End Game

In Fantasyland, Hardcore GOP Likes Where This Shutdown Is Going

The GOP’s hardest core say they’re optimistic. In reality, they have no good options. By Jamelle Bouie.

J. Scott Applewhite/AP

“I know we don’t want to be here, but we’re going to win this, I think” is what Kentucky Senator Rand Paul said to Minority Leader Mitch McConnell during a private moment following a television appearance. It was a “hot mic” moment, and a candid one at that.

At least some Republicans, it seems, are optimistic about the government shutdown, which has shuttered almost every agency of the federal government and furloughed hundreds of thousands of workers. I can admire Paul’s confidence, but it’s delusional. If there’s anything the public has been clear on, it’s that they are resolutely opposed to the Republican Party holding government hostage to narrow political demands. Some 72 percent of Americans disapprove of shutting down the government over differences with the Affordable Care Act, according to the latest Quinnipiac national survey, and a CNN poll released Monday shows that Americans would be more inclined to blame Republicans than anyone else.

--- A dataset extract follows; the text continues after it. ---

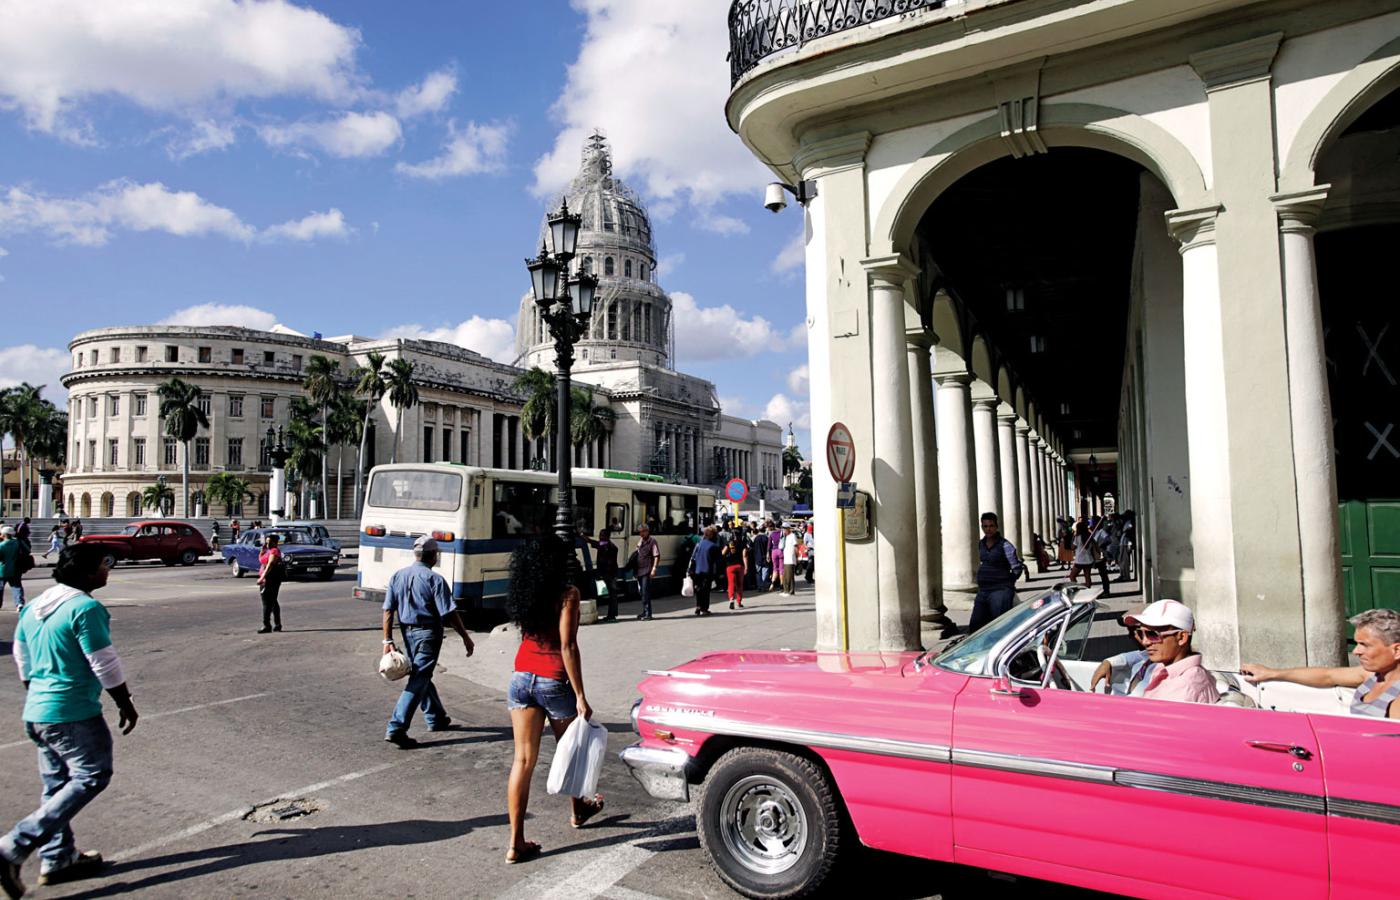 Kuba może stać się wkrótce krajem wielu możliwości i szans.

This reality, however, hasn’t made its way into the cloistered world of congressional Republicans. There, it is a winning strategy to criticize park rangers for blocking national parks—as Texas Rep. Randy Neugebauer did this afternoon—as if they, and not the House GOP, are responsible for the closures.

Indeed, if you’ve read or listened to any of the statements made by congressional Republicans, you will have noticed a bizarre entitlement in all of them, as if the GOP deserves concessions from the White House. This was best illustrated by a comment from Indiana Representative Marlin Stutzman: “We’re not going to be disrespected. We have to get something out of this. And I don’t know what that even is.”

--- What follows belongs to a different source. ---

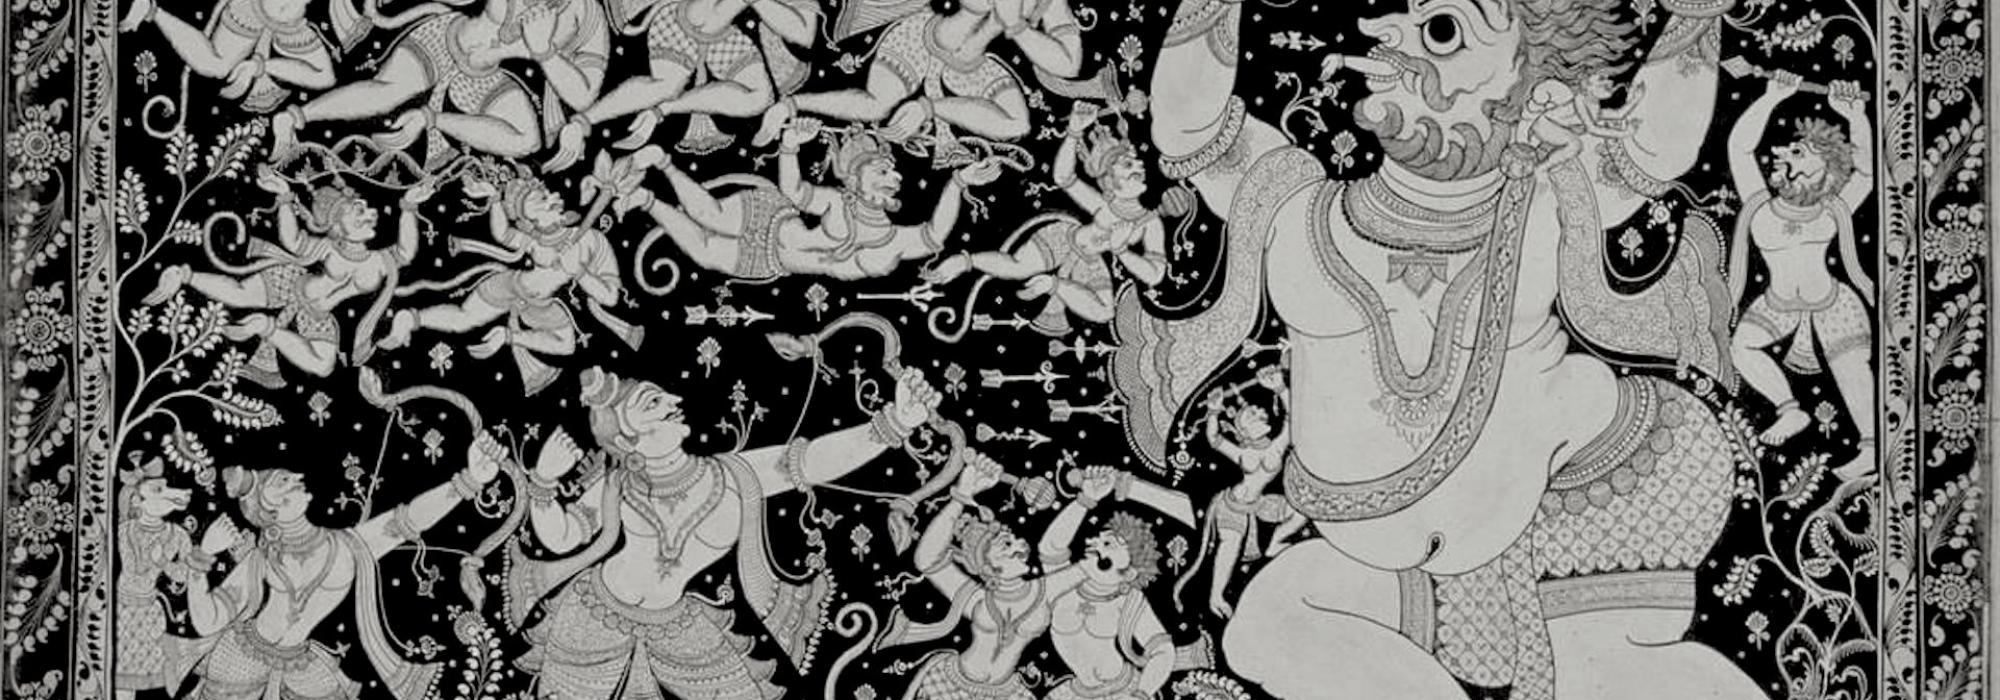 Ramayana War

There’s no doubt that some of this entitlement stems from a sincere belief in the rightness of their cause. Obamacare is dangerous, they argue, so why should they rest in their opposition? As a recent memo from the Democratic firm Democracy Corps argues, Republican voters think Obama has “imposed” his agenda, and they want their leaders to do everything they can to stop him.

Still, this doesn’t explain the optimism of figures like Rand Paul, who seem to think that this is still a winnable situation, despite the public’s clear opposition to GOP tactics. It might have something to do with the fact that, in past confrontations, Obama has folded. In fact, this is what Republicans are telling themselves; former Bush administration speechwriter Marc Thiessen has urged the GOP to use the debt ceiling as leverage for concessions, “Obama will not permit an economic crisis worse than 2008—09 and the ‘loss of millions of American jobs’ on his watch. He has no choice but to negotiate with GOP leaders and cut a deal to avoid a government default.”

This isn’t a crazy belief to have. When threatened with shutdown, debt default, or some other hit to the economy—the fiscal cliff, for instance—President Obama has either made concessions or lowered his requests in order to defuse a dangerous situation. What Republicans have learned, as a result, is that they can stage confrontations, create crisis, and win legislative victories without sacrifice.

But, as reported by Ezra Klein at The Washington Post, the president is holding firm. Writes Klein, “The White House says that their position is simple, and it will not change: They will not negotiate over substantive policy issues until Republicans end the shutdown and raise the debt ceiling.”

Obama will not budge. Which means that Republicans have to make a choice. Either they leave their fantasyland, accept defeat, and end the shutdown, or they continue to damage their already crumbling brand.